I have a 200 LED WS2812 addressable strip which I want to subdivide into 100 2-LED sets, so when I reference to led[1] I'm actually making a reference to leds 2 & 3.
I could create manually 100 CRGBSet arrays of 2 items and store them into a single master array. But if next time I have an 1000 LED strip that would be way too much repetitive code to write manually. Is there a better way to approach this?
#include "FastLED.h"
#define NUM_LEDS 200
#define Data_Pin 13
#define chipset WS2812
#define BRIGHTNESS 50
// Array of all LEDs on the strip
CRGB stripLeds[NUM_LEDS];
//Define each 2 LED pixel
CRGBSet leds(stripLeds, NUM_LEDS);
CRGBSet leds1(leds(0,1));
CRGBSet leds2(leds(2,3));
CRGBSet leds3(leds(3,4));
.
.
CRGBSet leds100(leds(198,199));
//Store them on a single array where each element is a 2 LED wide pixel
struct CRGB * stripArray[] ={leds1, leds2, leds3... leds100};
Do you intend to always treat each set of two LEDs as if it were a single LED? If so, might be simpler to just modify the library routine that generates the LED data signal, so that it generates two LED's worth of data for each pixel.
I'll give this a try.
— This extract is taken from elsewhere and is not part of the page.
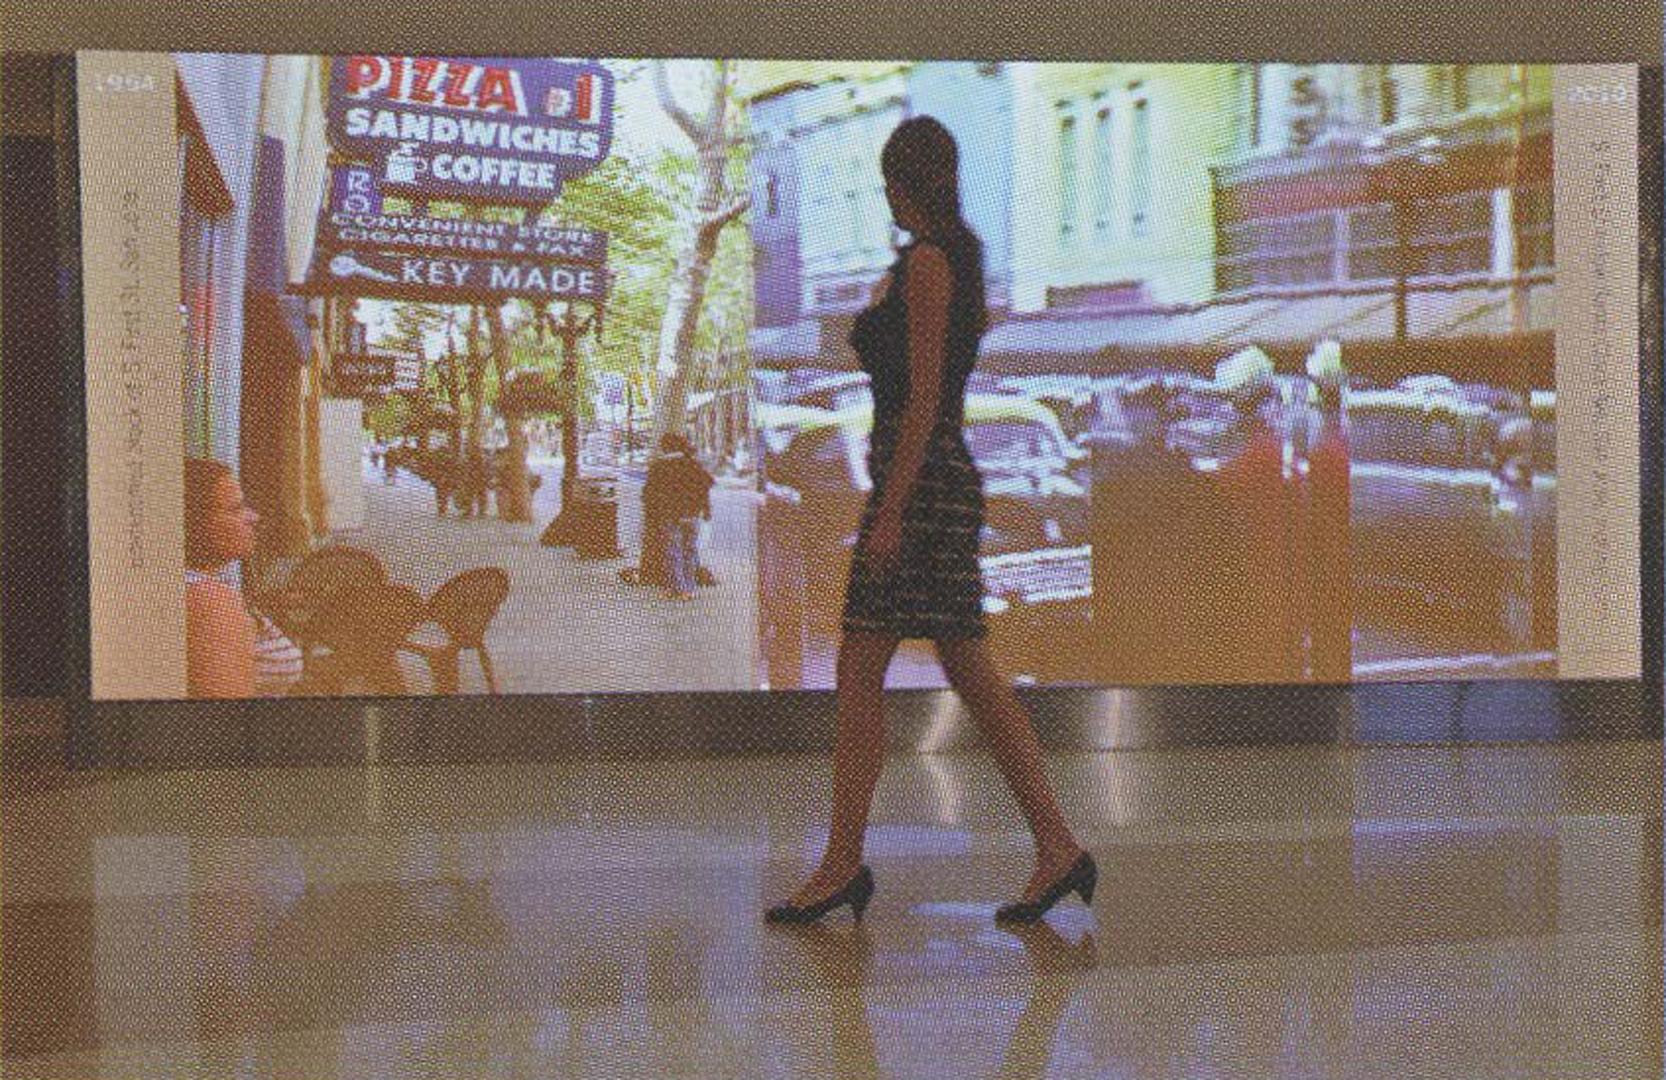 ©2011, Matt Gorbet, Susan LK Gorbet, and Banny Banerjee, Collaboration with the Future

The reason I want this is because I will mostly be using premade animations like this one, so I just want to modify the name of the array they use to address the pixels.
There's no doubt that my idea would require getting to know any canned processes a bit better…
It may be that @david_2018's suggestion would be a global solution for all the canned stuff you have.
But I am curious about the requirement. How are these pixels arranged physically?
Is each square poxel in that demo you linked to be two real pixels instead of one?
Besides I will admit I don't see how what you propose but don't like even works. But I use these at a very low level, so miss out on any structuring or naming advantages the library may afford.
That's because I might be wrong, I'm very new to arduino and programming so most of the things I get stuck with, are actually simple programming concepts, but I just don't know them as I am facing troubles and trying to solve them as I go. I understand these questions are annoying so I'm thankful for the patience and help.
My setup is something like this serpentine matrix. It's a single LED strip broken into rows. I have a grid, consisting in boxes, each box is lit by 2 LEDs, so when an animation is played, I want each box to be lit by a single color, so I have to treat every 2 consecutive LEDs as a single pixel.
Is each square poxel in that demo you linked to be two real pixels instead of one?
Yes, so instead of modifying every animation code I get, I would make a naming system and use that.
Sorry if it doesn't make any sense, I apreciate you even replying
NP. Just sitting here with a cup of coffee waiting on my beach buddy to let me know she's on her way…
and still curious about the physical arrangement.
I wonder aloud, so to speak, if it would be easier/possible to have two convential NxM matrices of LEDs, and place them so one was just offset to the other.
Not possible with premade arrays of LEDs, but if you were making them out of cut up strips or individually smart LEDs you could do that.
You'd still need to tinker with the software at a low-ish level… again every virtual pixel the program wants to change would become two real pixel calls
or
the two disjoint (not interleaved) matrices, now needing identical contents, could be driven off the same output pin.
If you could run two 100-LED strips parallel to each other, so that each block of two LEDs was composed of adjacent LEDs on the two strips, then all you need to do is drive the LED strips from the same pin. ( think I'm just rephrasing what alto777 said )
Another method is to use a dummy 100-pixel array for all the animation code, then copy that over to the actual 200-pixel array to send to the LED strip, expanding each pixel from the dummy array into two in the actual array during the copy.
It could actually be done with a single 200-pixel array, but only using the first 100 pixels for the animation code. When it is time to send the data to the LED strip, expand the 100 pixels to fill the 200 pixel array, call the display function, then if necessary compact the 200 pixels back down to 100 - this would be needed if the animation works off of the current contents of the buffer.
Now that you mentioned the phisical matrix offset method, it's actually 2 matrix of 100 led each, one comprised of the odds and the other from the even LEDs.
Not sure how to tackle that from code only but sounds like a path I should explore
Now this is the third mention of the easiest path given where I think you have arrived:
Simply connect the output pin to both strips.
Best practives would say put a series resistor (470 ohms) in each line from the output pin to DIn or whatever the input pin is called on you strips.
Digital outputs have a good deal of driving capability; digital inputs require very little current. So it is OK to drive several inputs with one output.
Yeah, I understood that my English is not the best.
I was thinking out loud if I could do it 100% from code by making 2 "virtual" matrices, basically 2 arrays, one containing all the odd LEDs and the other the even ones. And feeding them both to the animation simultaneously.